On December 5, 2016, We the Kings announced a tour that will commemorate the ten year anniversary of their debut album, We the Kings, that was released in 2007. The tour will go from February to May 2017 with 32 dates in the US, 3 dates in the UK, and 1 date in Canada.

On September 12, 2017, We the Kings released a tenth anniversary album called Self-Titled Nostalgia. The album is composed of reworked versions of all the songs that appeared on the band's debut studio album, We the Kings. It also includes one new song called "Planes, Trains, and Cars".

On December 1, 2017, We the Kings released a new single called "Festival Music".
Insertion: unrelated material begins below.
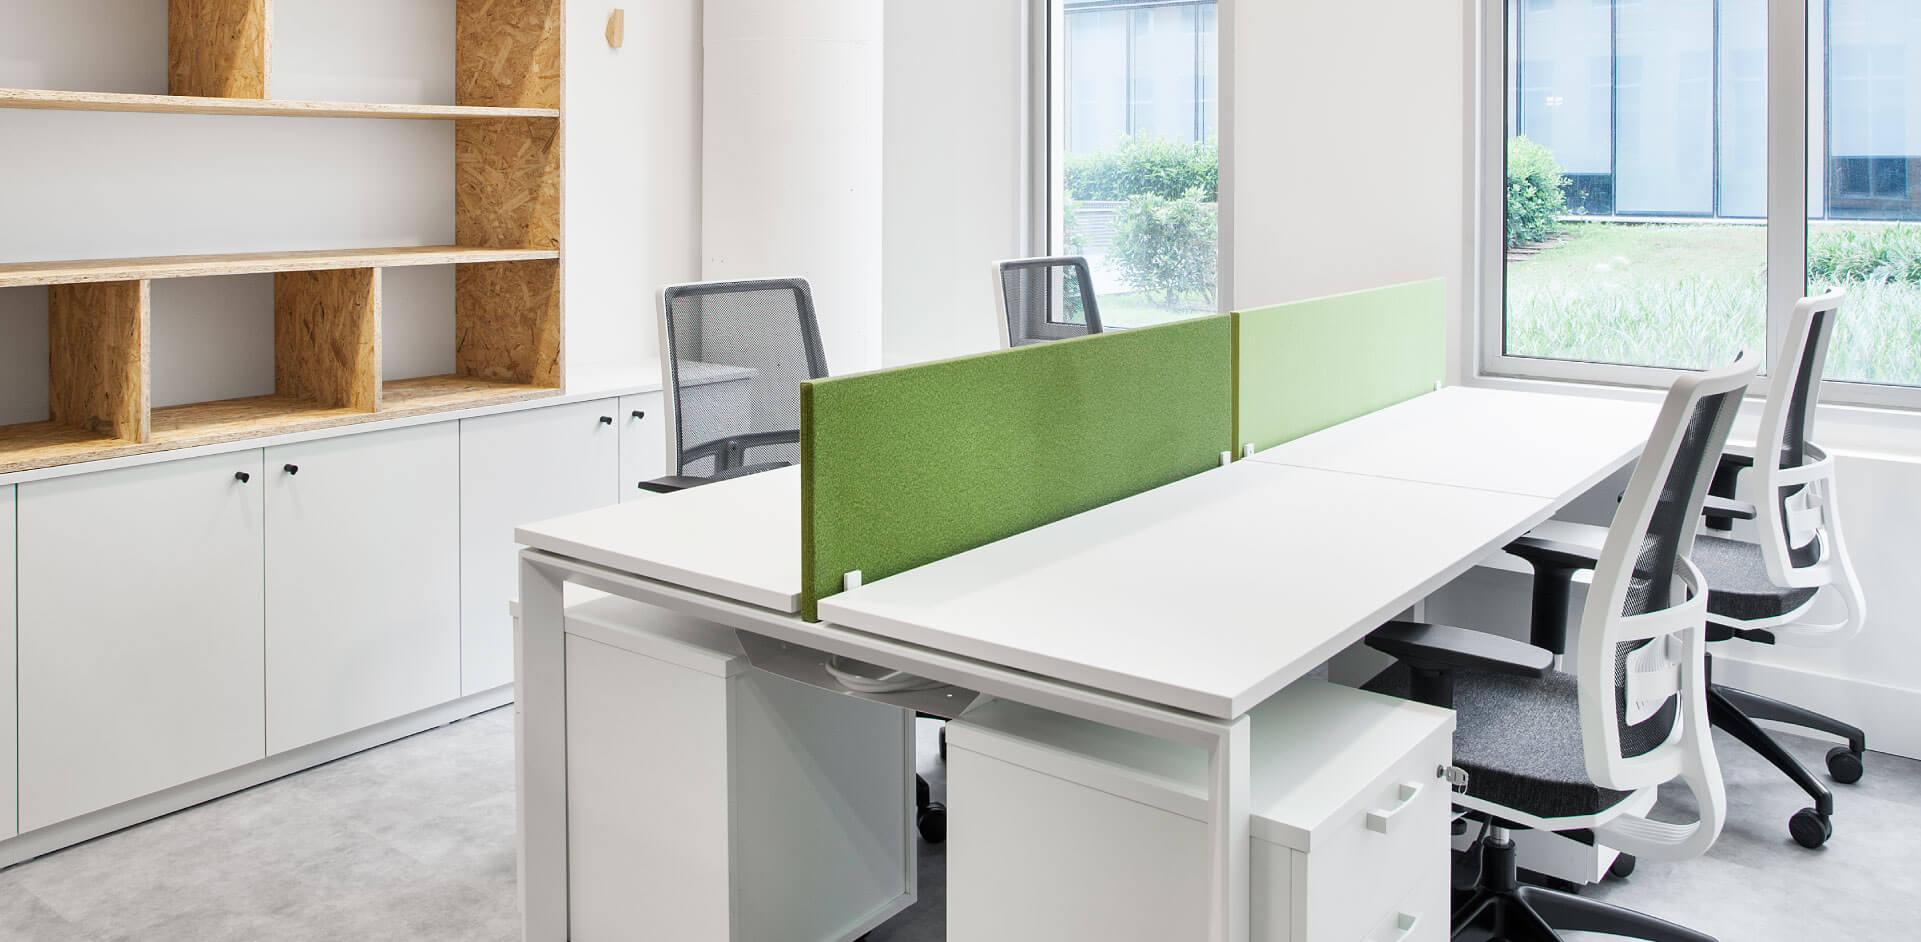 Despacho 4 Pax

In December 2017, We the Kings released a video announcing the start of production for their sixth studio album. The album was announced to include "Planes, Trains, and Cars", "Festival Music", and eight to ten more songs. Like the previous two We The Kings records, this album was released without a label. To fund the album, the band offered multiple packages for fans to purchase on PledgeMusic. The packages included items such as a vinyl record of the album, the ability to name a song on the album, a bass guitar used by Charles Trippy, a guitar used by Travis Clark, and more. Each person who purchased a package had their face placed on the album cover along with the band members' faces in a yearbook format. The album was released July 6, 2018.

In 2019, We the Kings played at the final warped tour (Warped Tour 25).

On February 2, 2024, Danny Duncan announced his departure from the band.

In September 2024, We the Kings covered "Go the Distance" for A Whole New Sound, a compilation album featuring pop-punk covers of songs from classic Disney films.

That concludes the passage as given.